A small, jaded part of Tamara reminded her that a garden filled with death cannot be filled with life, but try though she may to walk away from the recurring visuals, she found herself clinging to the false joy and happiness it offered to her aching heart and soul. Over time, their garden began to shift and change and grow with every encounter, flourishing and fading in ebbs and tides as she aged and encountered new blessings and then losses.
Most recently, however, her garden had gained one more shadowy feature, and it threw her into a whirlwind of confusion. Had she let her guard down so much with her that the vigil she kept was no longer protecting the ghost of the spark she held so dear?
Now the tears did begin to pour, hot and filled with a phantom pain she thought she had let go of so long ago.

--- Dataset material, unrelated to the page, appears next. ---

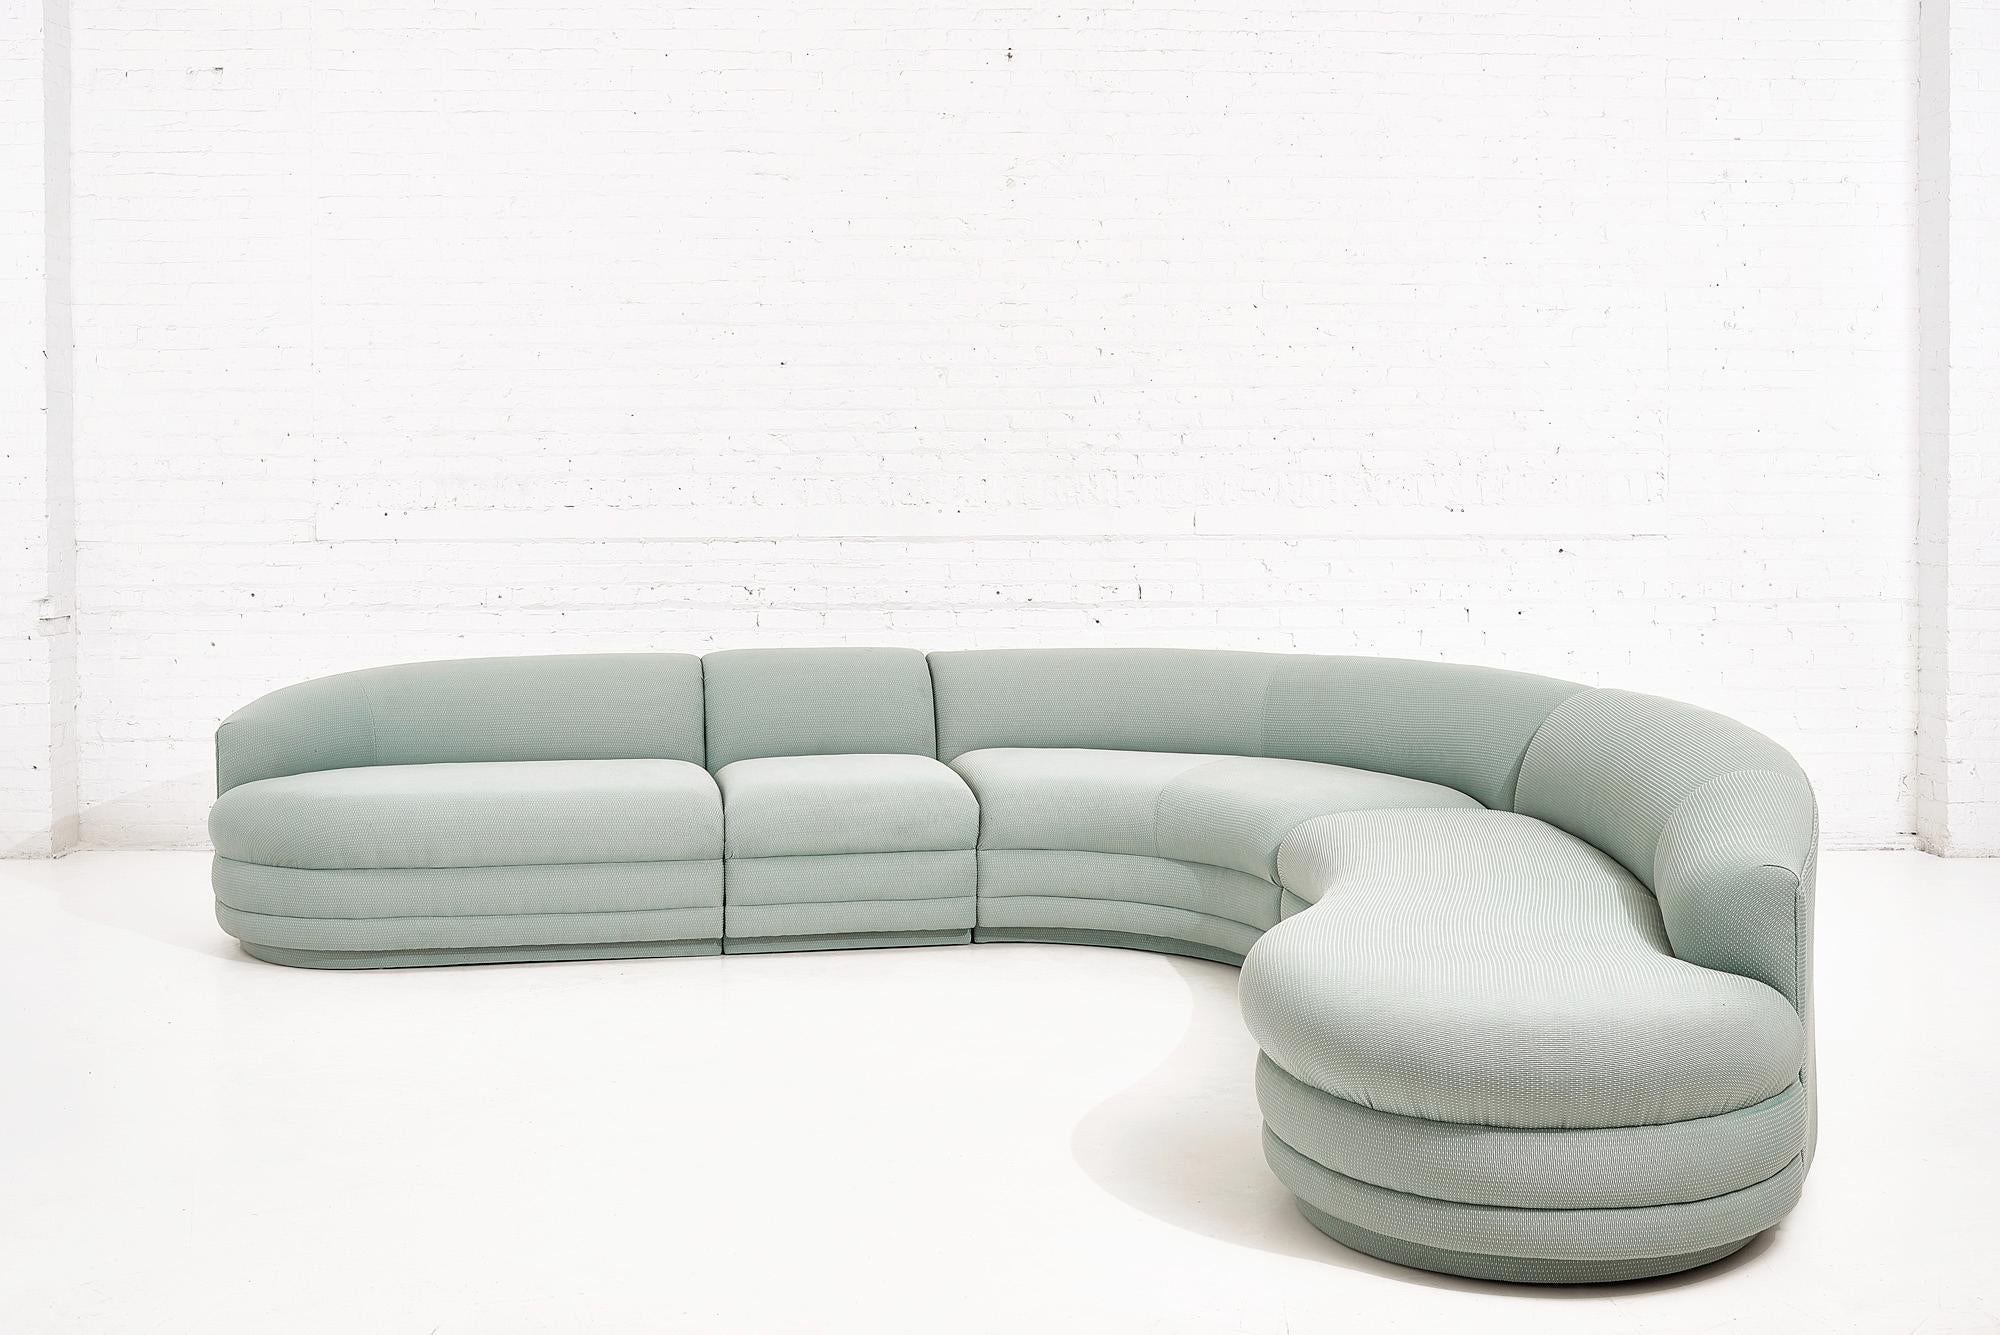 Vladimir Kagan for Preview 4 piece Sectional Sofa, 1988 In Good Condition For Sale In Chicago, IL
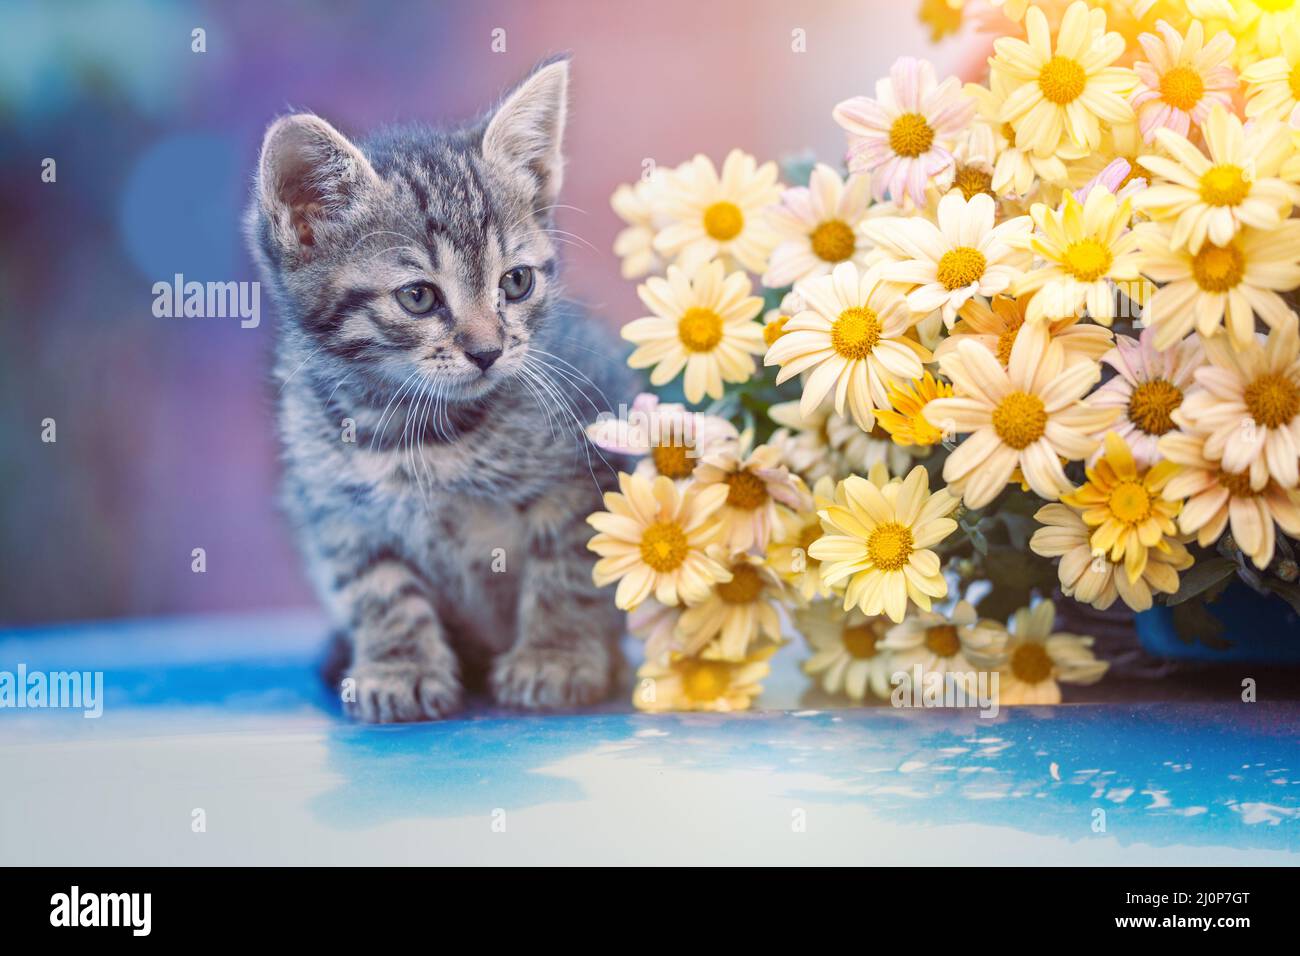 Cute little kitten with a bouquet of yellow chrysanthemum flowers Stock Photo

Her throat quivered, and out came a cracked whine that dissolved into whimpering as she fought to remain silent. Silence was painful but familiar, and in a time when her world was shuddering and swaying on its foundation, she needed the familiarity of the uncomfortable silence as opposed to the foreign and dangerous noise of that stage of grief she had rejected for so long in favor of retaining these feelings and memories.
This sadness, she realized belatedly, was addictive. It felt good to feel bad, to hurt in such a deep and untouchable way. In that warped joy she could take solace that she would remember where her mortal mind was wont to forget or discard it after a time. It was with this thought that she slowly allowed the weighty black ache of her soul to seep out and embrace her, giving in to the tears for the first time in years. When she drifted off to sleep, exhausted and miserable, the peace and solitude of her dream garden greeted her once more to soothe the pain and begin the cycle anew.